I recognize that there is an attraction: I myself transplanted across the country for college to immerse in the unique tech culture and the innovation-over-tradition mindset that reigns supreme here. I have not been disappointed – Stanford’s entrepreneurial spirit has dragged me out of my comfort zone and my thinking is richer because of it.
I recognize that there is a need: Fast-growing companies are hiring thousands of new employees per year. These people come from all over the world to plant new roots are in Silicon Valley, and most are here to stay – many with their families, friends, and anyone else who is caught up in the “Second Gold Rush”.

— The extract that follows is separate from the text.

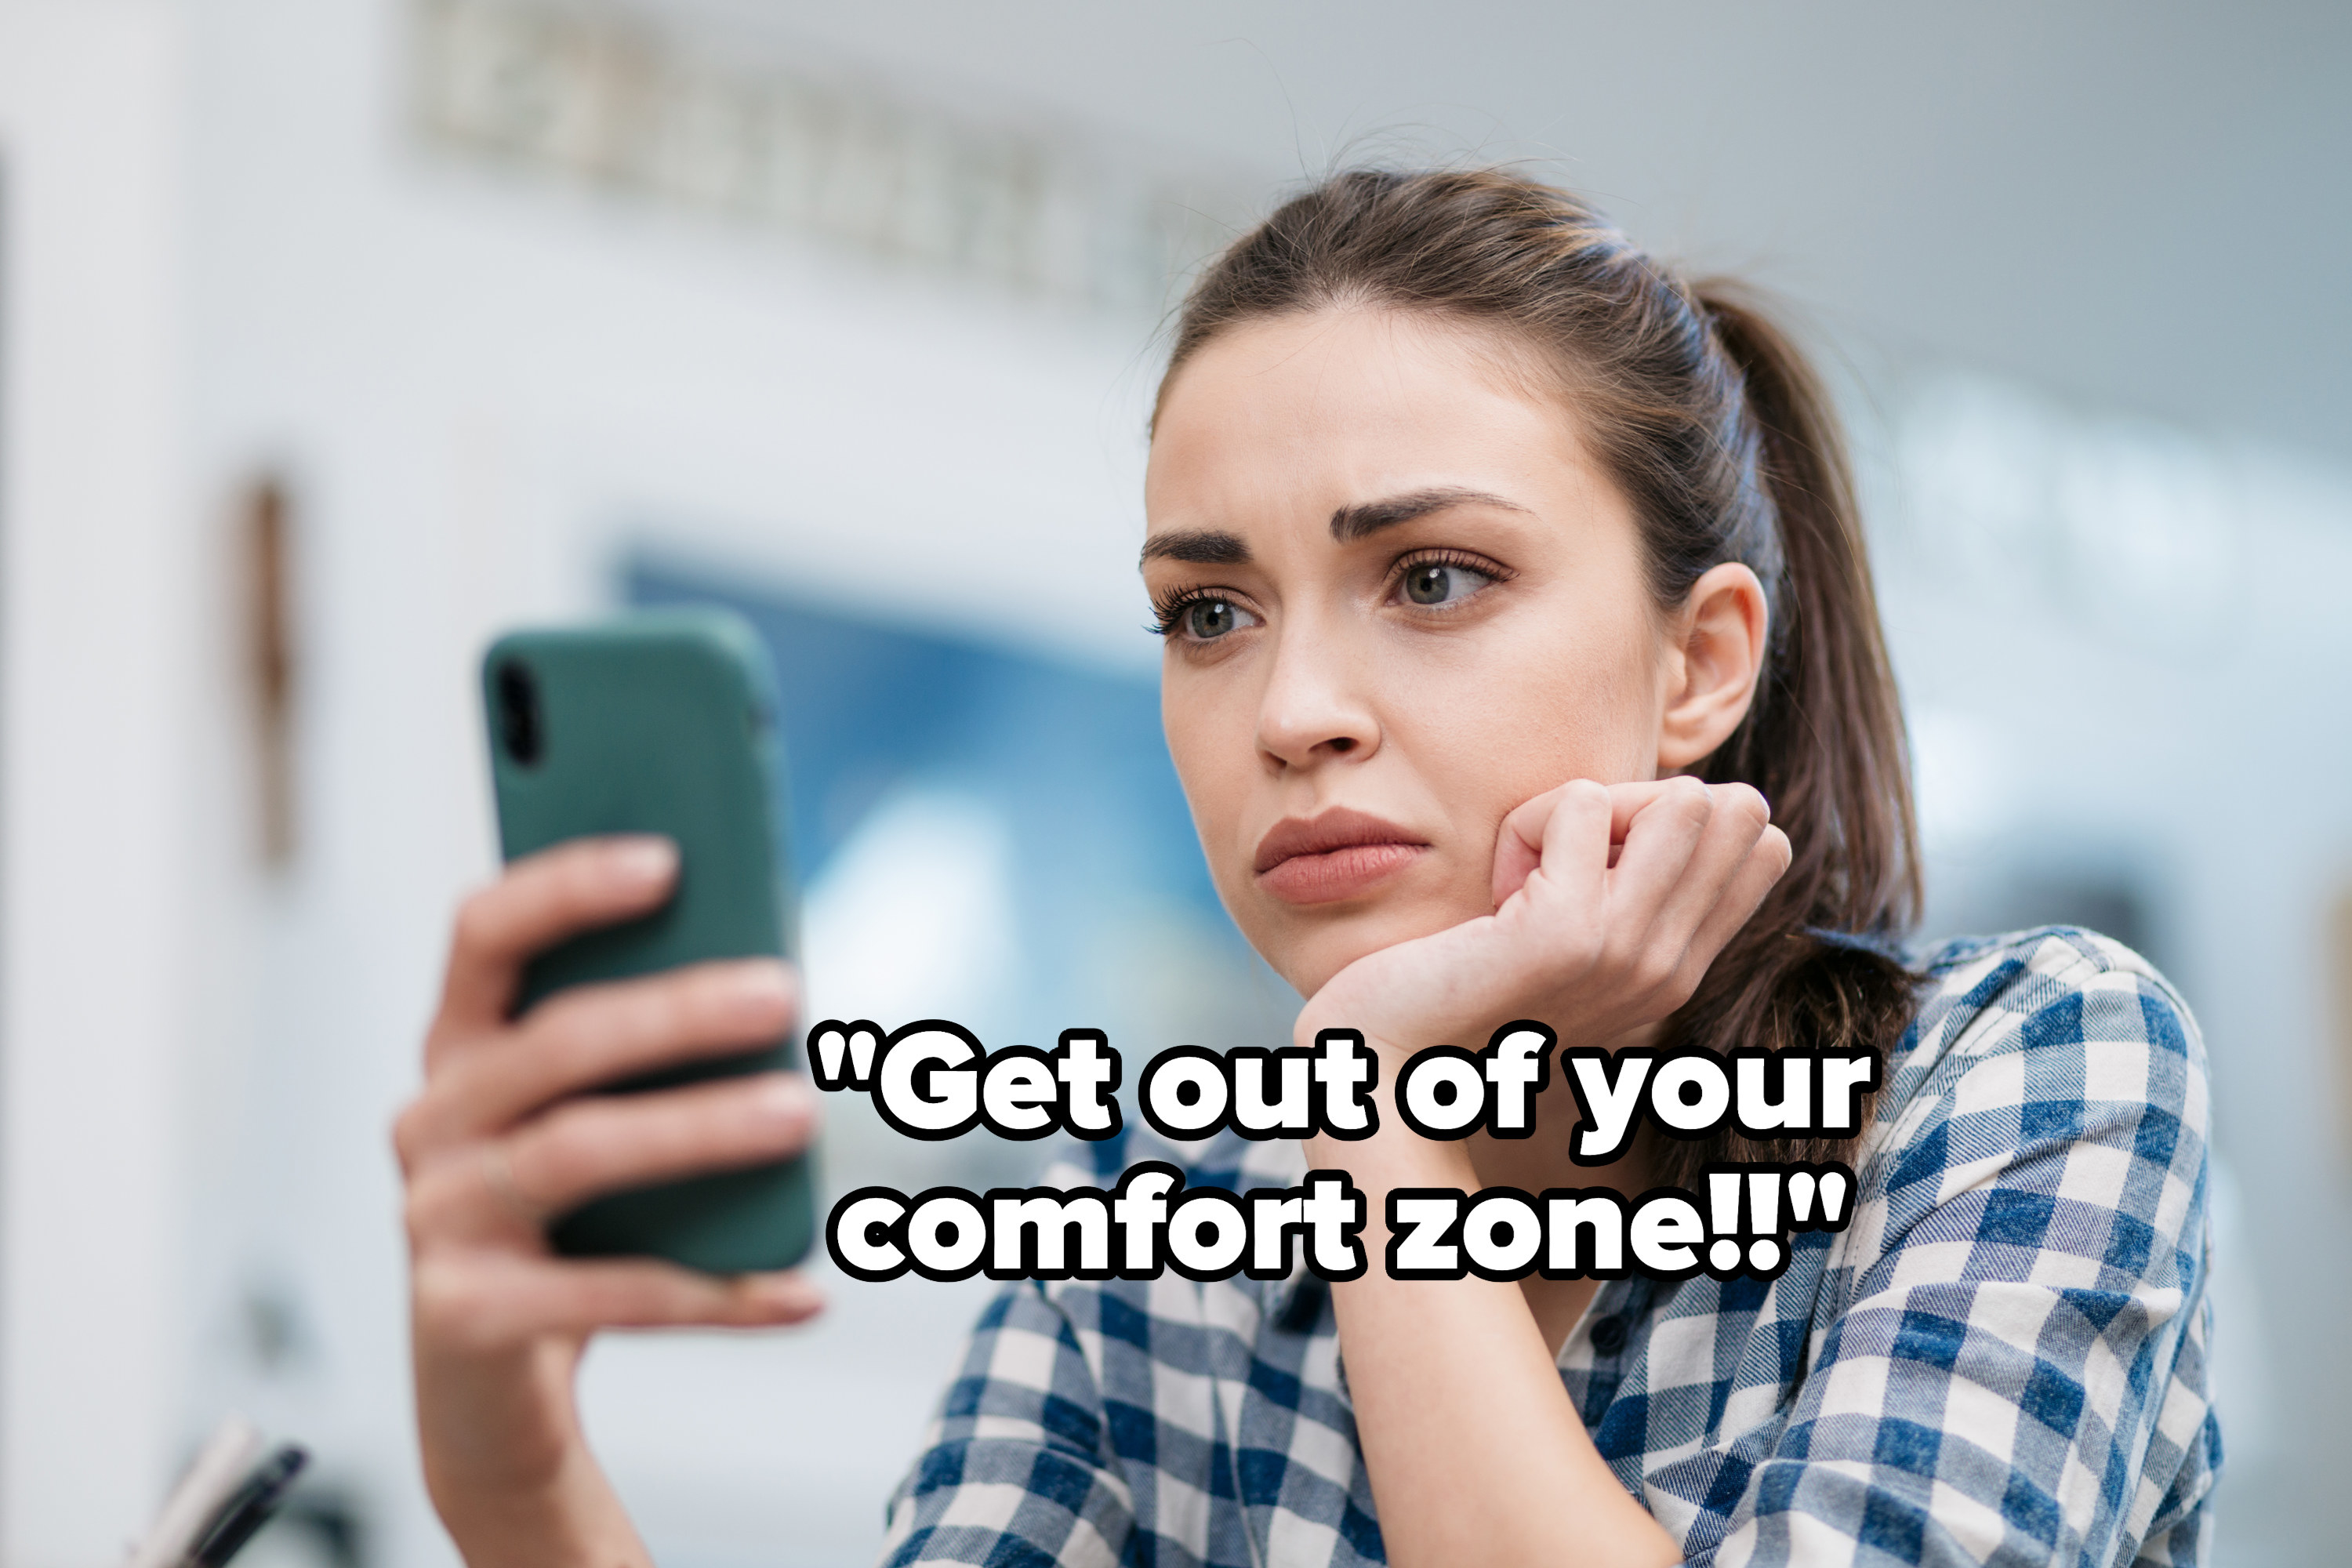 Woman&#x27;s phone yelling at her to get out of her comfort zone
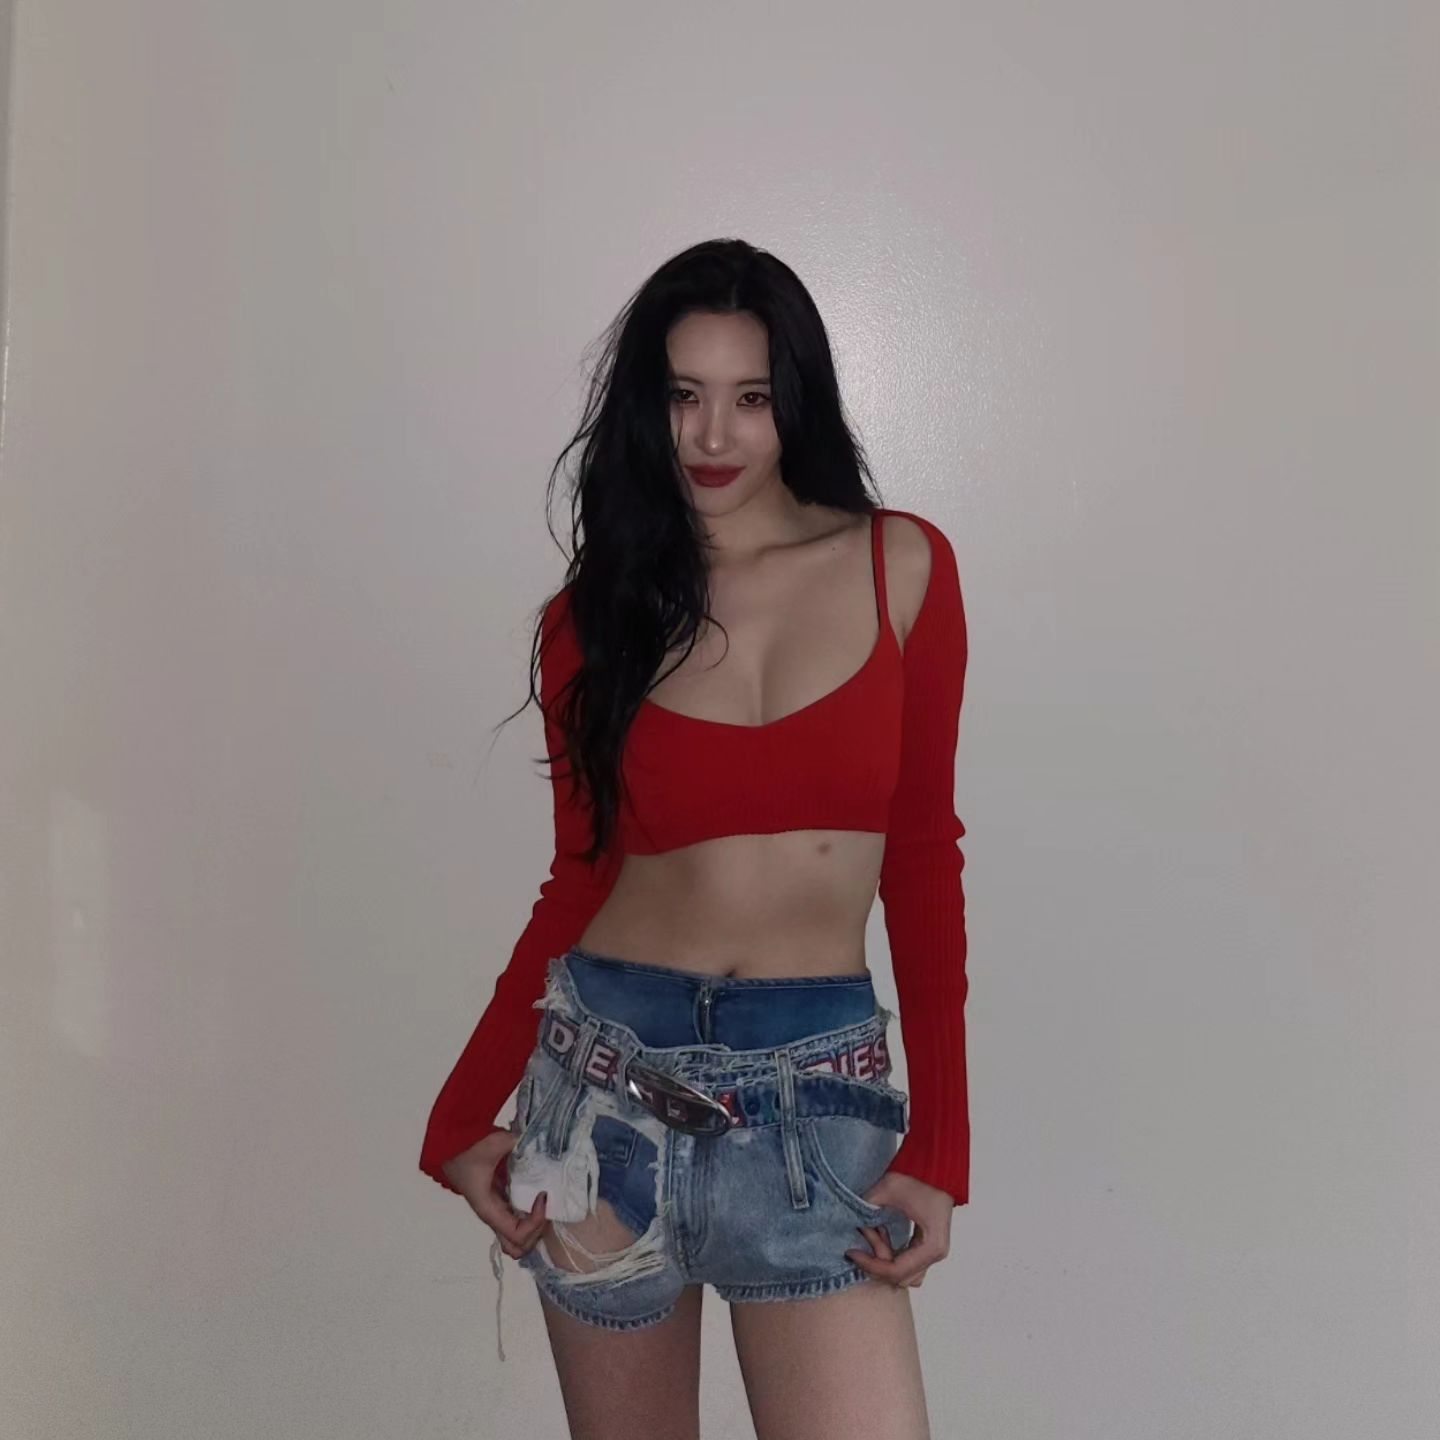 Sunmi, 'surprised' by the sense of volume... Intense sexy with red lip + tank top

But I also recognize that there is a problem. Housing prices are so astronomical that many people cannot afford to live in the Bay Area. Those who grew up here and planned to retire to their childhood region find themselves shut out by ever-climbing unaffordability. Those who seek to work here often end up selecting locations with extreme commutes in efforts to avoid high housing costs, but then pay for it in time and money burned through their travel. The impact of the ever-crowded housing market (and economy overall) on low-income individuals is so horrendous that it makes for an article all its own (so I will not try to treat it here).
The whole place feels like it is busting at the seams. The once-tranquil quality of the rolling California hills that my mom remembers from her youth has been lost to an increasingly urban feel. But there is more lost here than land share per person. California’s paradisiacal quality is not just a factor of its weather; this place is special for its embodiment of the American Dream.
It is – supposedly – a part of the world where anyone can grow and think and be and have space for the soul. Land of hippies and hooligans, artists and academics, gold-finders and gold-wearers…whoever you are, bring it to California.
But I think it has changed, or is, at the very least, changing. And the population inundation is not helping. The more people we add, the more the stress and press of humanity crimps the very culture. No longer a laid-back, happy-go-lucky dreamworld, the palpable pressure is so intense that suicide rates at high schools are five times the national average, for example.
Are we ruining something wonderful by our determination to live within its midst? I think we should all stop to consider the question – ideally before paying to rent a tent in someone's backyard. Maybe there is just not room.